Love in a Headscarf

By: 
Shelina Zahra Janmohamed
Introduction

Love.
Amour, ishq, hubb, amor, pyar. All these are words
in my lexicon to describe something delicious and
mundane, irresistible and sublime. Love inspires great
actions, absurd choices and inexplicable consequences. It
directs lives and it makes or breaks hearts. It can arbitrate
between life and death, and it can connect the body to the
soul and join them with lightning. It is the essence of the
human condition.
 
Civilisations do not clash over whether love exists or
not. They may differ about what or who should be the
object of love. They fight over the same lover. They
disagree about how love should be conducted. But love,
Love with a capital L, lies deep within every psyche and
culture, and fills books with laments and odes in
languages and paradigms from the beginning of time. In
this modern day when only what we see is allowed to have
certainty, and when scientific data seems to hold the
trump card for truth, when only what can be measured
exists, love defies all of these strictures and dances
joyfully before the eyes of human beings and teases them
with the promise of the unknown.
 
Love has been lost to our generation, diluted to
ravishing and romance. We ask it to sustain us on a
constant high and we feel betrayed and rejected when the
adrenaline rush subsides into comfortable companionable
love. We have shackled love by limiting its reign to
the arena of candlelit meals and moonlit walks. When we
talk of love in public, we have now diminished it. I wish
for us to reclaim love for our society as a conscious and
connected virtue of vast expanse and immense greatness.

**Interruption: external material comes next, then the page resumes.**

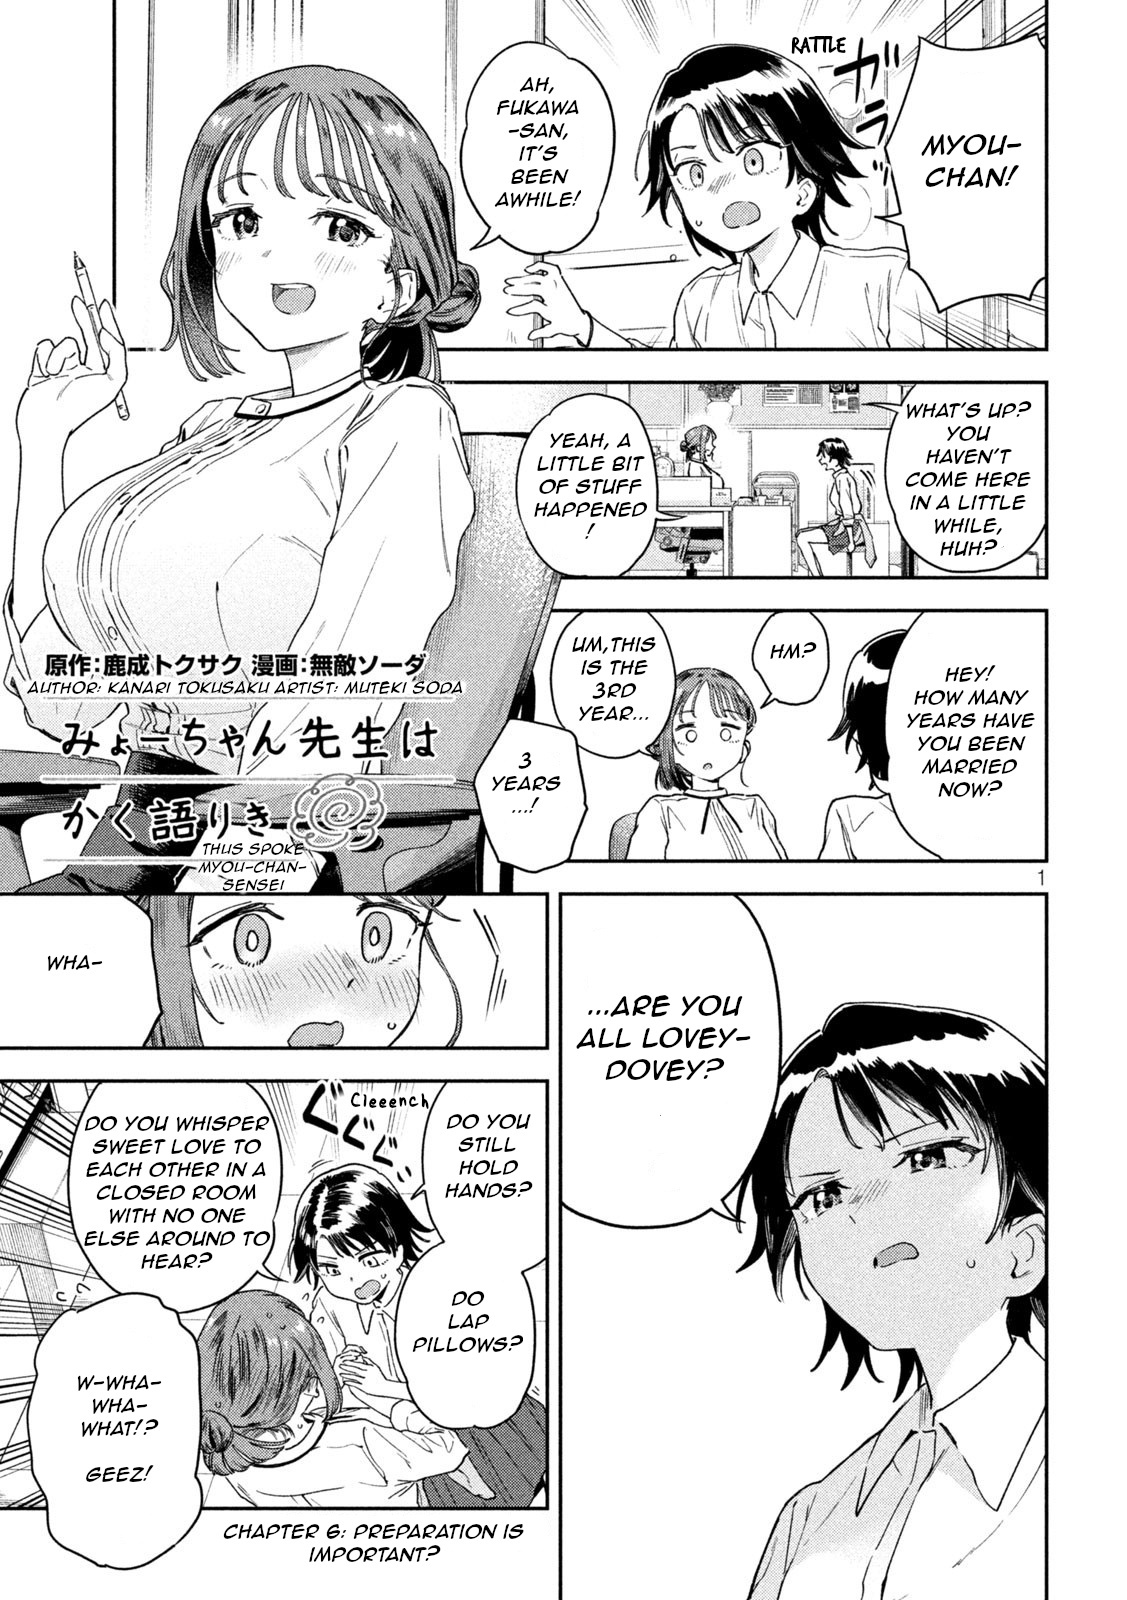 Miyo-Chan Sensei Said So - Page 1

We each know inside us that love relates to friends,
advisors, parents and those we live amongst. It takes
patience, dedication, and selflessness. Some, like me, may
also feel that it connects them to the Divine, the Creator
who has no shape, place or time, but who simply is.
The likelihood of a Muslim talking about Love in
public is small. But like most societies and cultures,
Muslims are obsessed with it. In fact, Muslim men and
women spend a large proportion of their time wondering
where on earth to find a partner. Finding that special
someone is so critical to the fabric of Muslim existence,
that almost everyone is involved – parents, siblings, aunts,
uncles, Imams, even neighbours.
 
Beneath the translucent veils of Muslim women lie
beating hearts, dreams of love, imaginations replete with
fairy tales and princes, of happily ever after. Hidden
behind the often misleading headlines of terror and
destruction that are said to be in the name of Islam are
Muslims: ordinary normal people who share that one
thing that exalts human beings and connects the sublime
within us to our mundane lives – that thing called Love.
Muslim women have many stories to tell. Some of
these are horrific. The suffering, oppression and abuse
that some women face in the name of religion, but which 
in reality is driven by culture and power, must never be
forgotten and has to be stopped. I feel a double distress,
sharing their pain as sisters in faith but also seeing the
beauty of my religion misappropriated, misrepresented
and abused to serve inhumane ends.
 
Stories like mine have remained unheard, as they do
not fit neatly with prevailing stereotypes which tell tales of
Islam’s oppression or of those rejecting Islam. Nonetheless,
such stories are just as crucial to our understanding
of what it means to be a Muslim woman. Not every
Muslim woman is subjected to a forced marriage,
kidnapping or imprisonment. We are not one-dimensional
creatures hidden behind black veils. Many Muslim
women, like me, find Islam to be a positive, liberating and
uplifting experience. We love our lives all the more for it.
My account is dedicated to all Muslim women, so that
humour, hope and humanity can once again become part
of our story.
 
Muslim women come in many shapes, colours and
flavours, and my story is simply the tale of one woman’s
experience. Hidden within my story are the human
passions and hopes of many Muslims, both men and
women, and of human beings of other faiths and no faith
at all, all of whose own searches for love may have been as
perilous, heartbreaking and entertaining as mine.
 
The search for love is a journey to find many different
things. It is the search for a partner and companion, for
the excitement of romance. It is also the search for a
Cherisher, for someone to nurture or someone to be
nurtured by. It is a search for meaning, for the knowledge
that you have achieved something, for a momentary
acknowledgement or for immortality of your name. Love
can be the name of the escape from the physical into the
spiritual or from the mental into the carnal. The search
for love is a resolute journey: to find out what it means to
be human, and to share that humanity.